I wished I could tell you this ends with me married to the local blacksmith, rolling in parsnips and passive goodwill. I wish I could tell you that if you are reading this, it is because I lived a long and irritatingly contented life.
But my dear—if you are reading this at all—then something has gone very wrong.
Very wrong indeed.
***
“Could a one Miss Bramley Turner report to the High Manager’s Office. Immediately.”
It is only nine fifteen. On a Monday, no less. I have been at my desk in The Morgue for precisely five minutes. Five. Not an actual morgue, of course. That’s just what we Junior Scientists call it, for its perpetually cold regardless of season. And no one talks. No one acknowledges another’s existence. Nobody asks how your weekend was or tries to get to know you. And if nobody knows you, nobody cares to learn your history.
That is a quality I like very much in my co-workers. It is, in part, what drew me to working here.
I sigh. A visit to the High Manager’s Office. This is going to ruin my week. I can feel it in my bones. The only saving grace is that I am wearing my practical shoes today. This has nothing to do with the fact that I broke three of my toes—three—kicking the leg of the dining table this morning…
I turn back down the corridor I walked just minutes ago, my ever-practical shoes squeaking on the polished rubber floor.
Squeak.
Squeak.
Squeak.
Squeak.
It would not be my first choice in funeral ballad, but it does have an irritating quality to it that I think suits me rather well.
The High Manager’s door is perfectly black, perfectly painted, and adorned with a perfectly lettered sign that reads High Manager, as if anyone could forget. The receptionist is no where to be seen, but her ginger tabby is asleep in its bed on the desk. How she ever got Management to sign off of that, I will never know.
“Good morning, Heather,” I say, scratching the cat behind her ears. She purrs deeply, vibrating with approval.
“Well, that makes one of us who is having a good day... What do you think—complete evisceration or a promotion?”
Meow.
“A very astute point. Thank you, my dear. Best be going though…”
I knock and enter as requested.
***
The High Manager’s office is disappointingly normal. The same black rubber that adorns all of the floors of the “Ministry for Scientific Advancement”, and the same custard-yellow walls. A colour combination I have always found deeply offensive. The first thing I will change when I work my way up to High Manager myself. Assuming I am not fired today.
The High Manager sits behind a large white desk, entirely plastic, because everything here must be wipeable. They are broad-shouldered, blonde-haired, and trimmed to corporate perfection. Power, apparently, looks like it shops exclusively in neutral tones.

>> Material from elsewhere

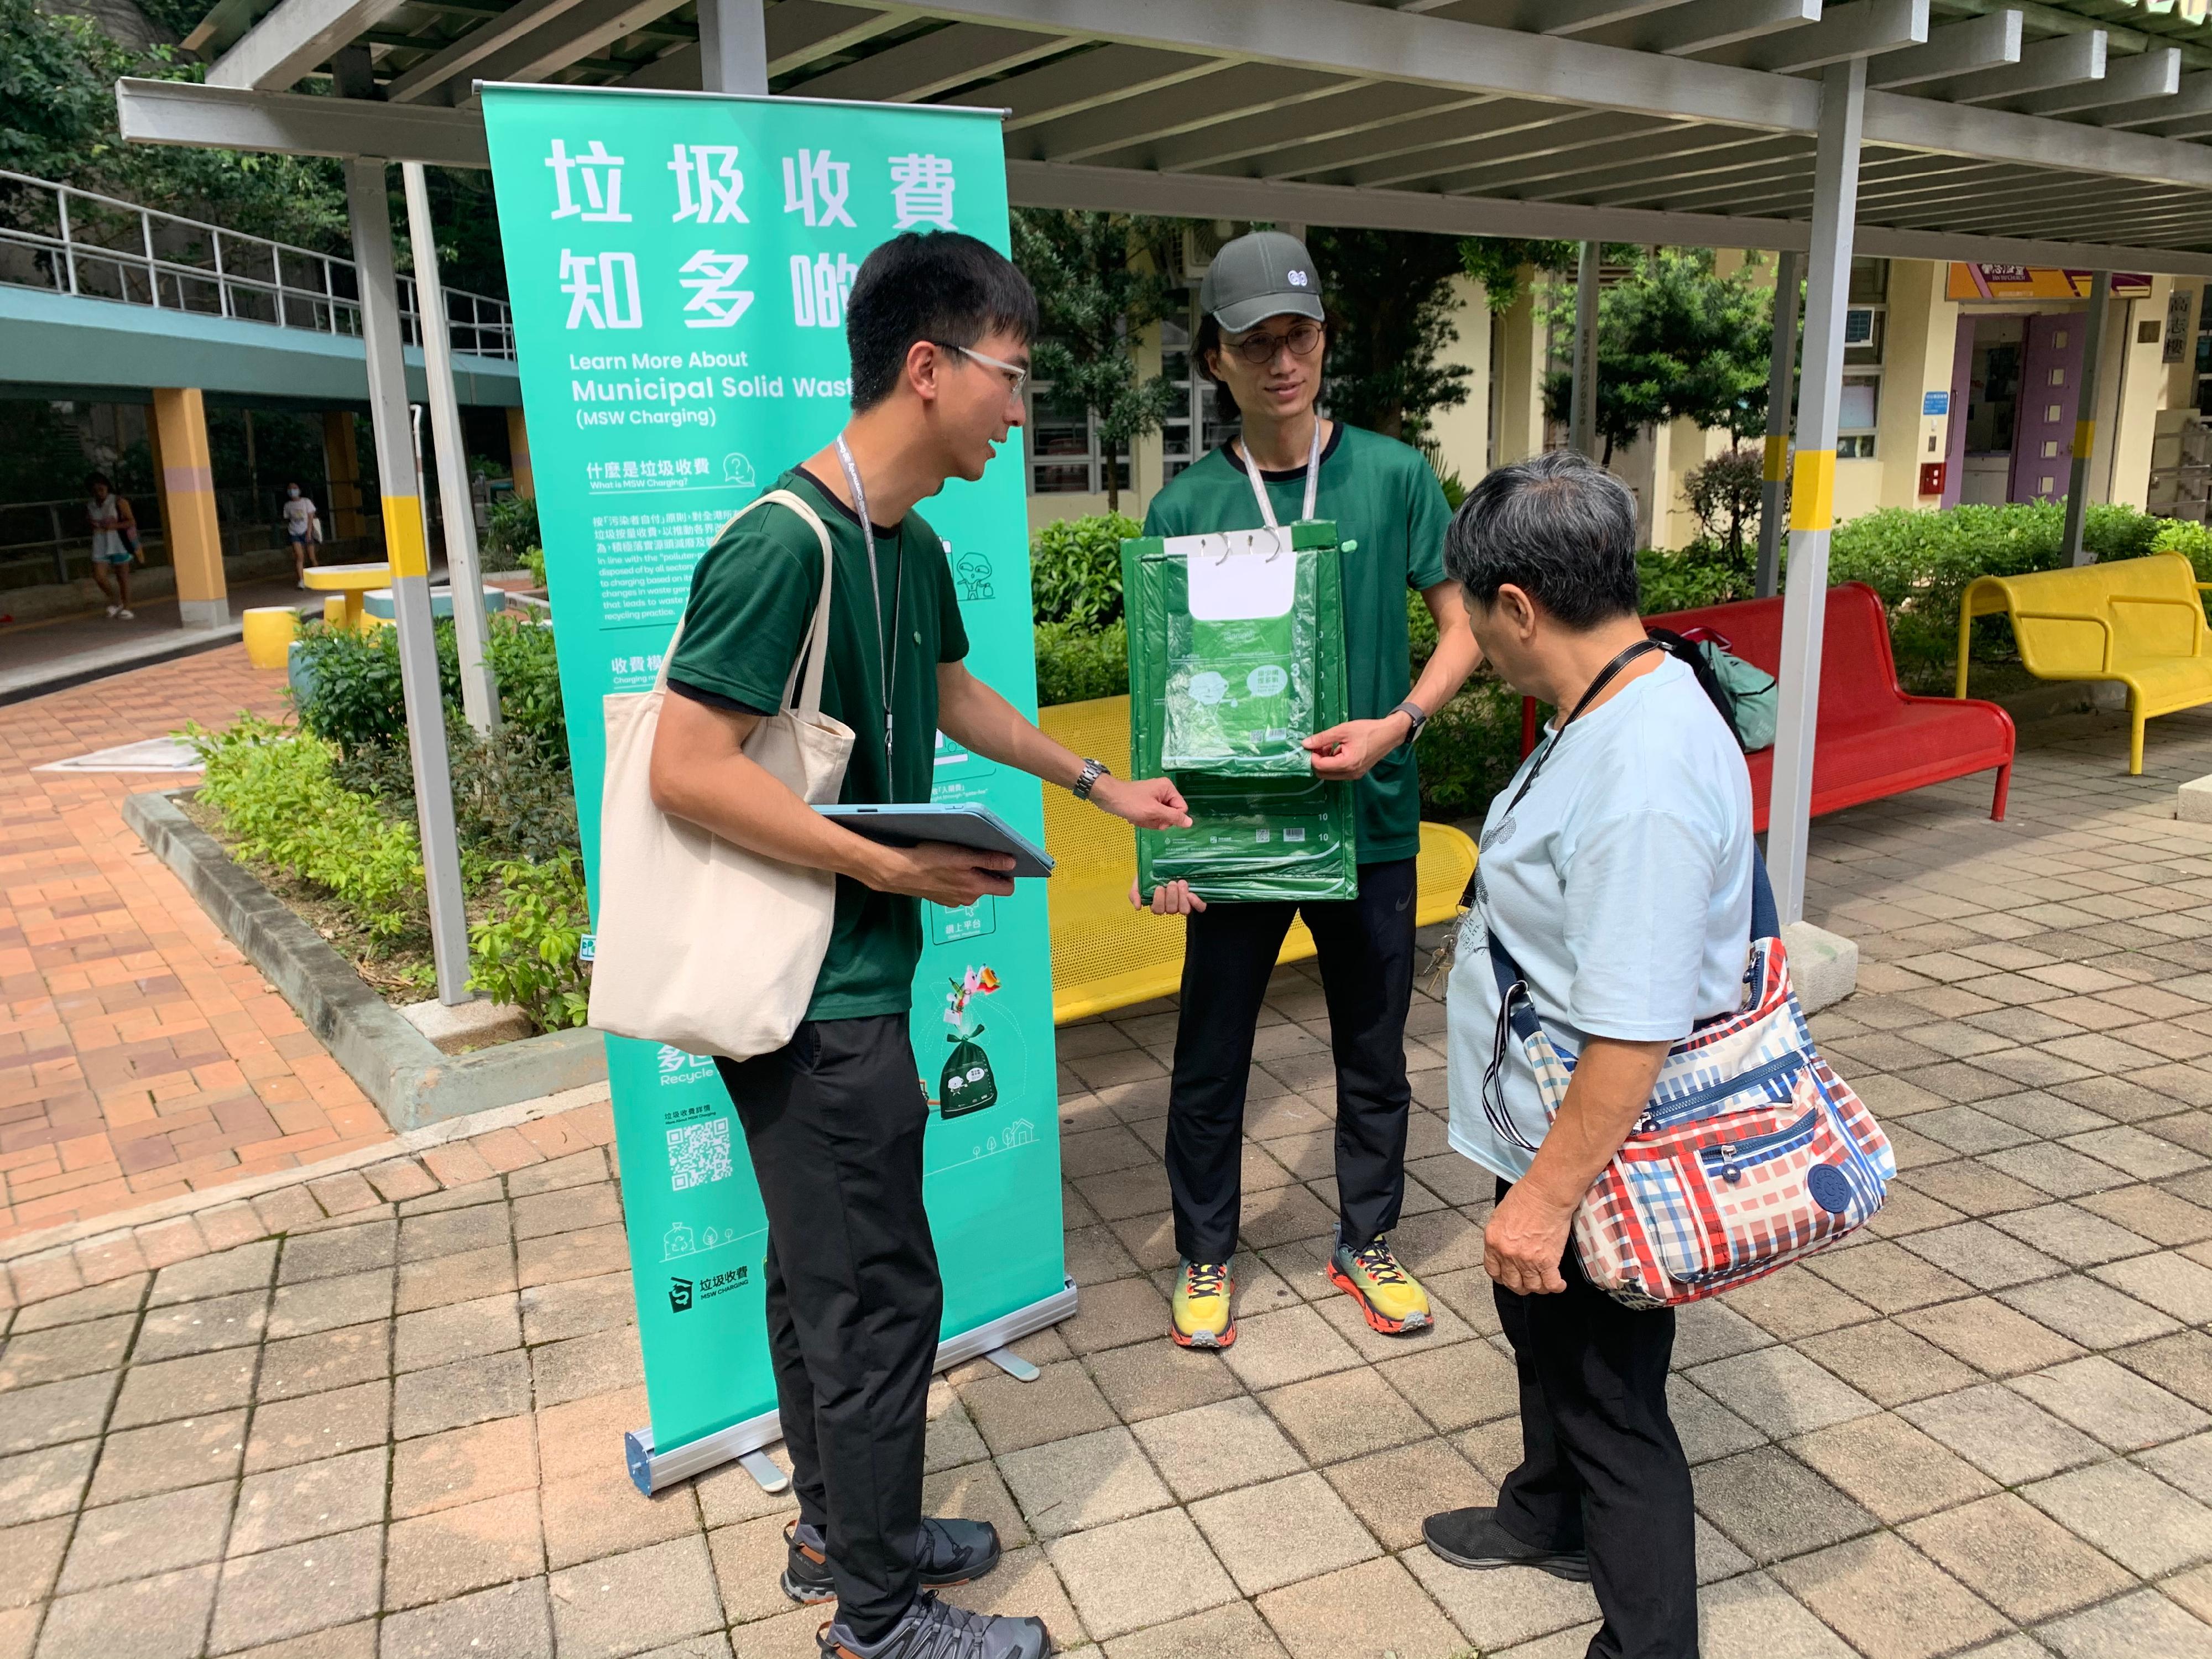 The Environmental Protection Department (EPD) has been actively preparing for the Municipal Solid Waste (MSW) charging to be implemented on April 1, 2024. The EPD's Green Outreach has commenced promotion for MSW charging in mid-August by providing support for waste reduction and recycling in the community. Photo shows Green Outreach members briefing a resident of Kwun Tong District on the MSW charging.

But it is the woman perched on the sofa who truly concerns me. She sits as though the furniture might attempt to eat her at any moment.
I bow to the High Manager, then turn to her:
“Have we met before? I’m afraid I fail to recall your face or name.”
“Partridge. Leonora Partridge,” she says. “And no, Miss Turner. We have not met. However, I am familiar with your father’s work. Master Bramley Turner. So odd to call a daughter after her father.”
Ah.
So that is how this day is going to go.
“My family is nothing if not stubborn and traditional, Madam Partridge. A pleasure to meet you.”
I extend my left hand.
She eyes it as though it might bite, turning her nose up in disgust. It will take more than that to deter me.
“My hand is clean,” I add pleasantly. “I am a Junior Scientist after all. Wouldn’t do me very well to be traipsing germs around, would it?”
The grin I give her could curdle milk. We stood like this for several seconds.
“Oh, for goodness’ sake, Leonora, take the woman’s hand. It’s not as though she has her father’s abilities,” shouted the High Manager,
Oh, how little they know.
Finally, Leonora relents, shaking my hand. Rather… wetly. I am disappointed. I expected much better of someone from the Corporation Guild. You can tell a lot about someone from their handshake, you know.
I turn back to the High Manager. “With respect, why am I here? And why is there a High Member of the Corporation Guild in your office?”
Leonora Partridge gasps, making a noise a piccolo would take pride in.
“How do you know who I am? You do have your father’s abilities!” Her accusatory finger comes dangerously close to poking my eye. I don’t step back.
“Madam, it doesn’t take a genius to know who you must work for, given the security clearance around my father. And I am a genius. You do know where you are, correct?”
“Leonora, may I call you Leonora?” I don’t wait for her reply. “Given the security clearance around my father, and given where we are, it does not take a genius to deduce your employer. Though it does help that I am one.”
“Enough,” the High Manager snaps. “You are not in trouble, Bramley. We know the work your father conducted was his alone, isn’t that right, Leonora?”
She merely shares her death stare equally around the room. The High Manager continues, undeterred.
“In fact, we have noticed just how well you are thriving here. Truly, we are considering offering you Junior Scientist of the Month.”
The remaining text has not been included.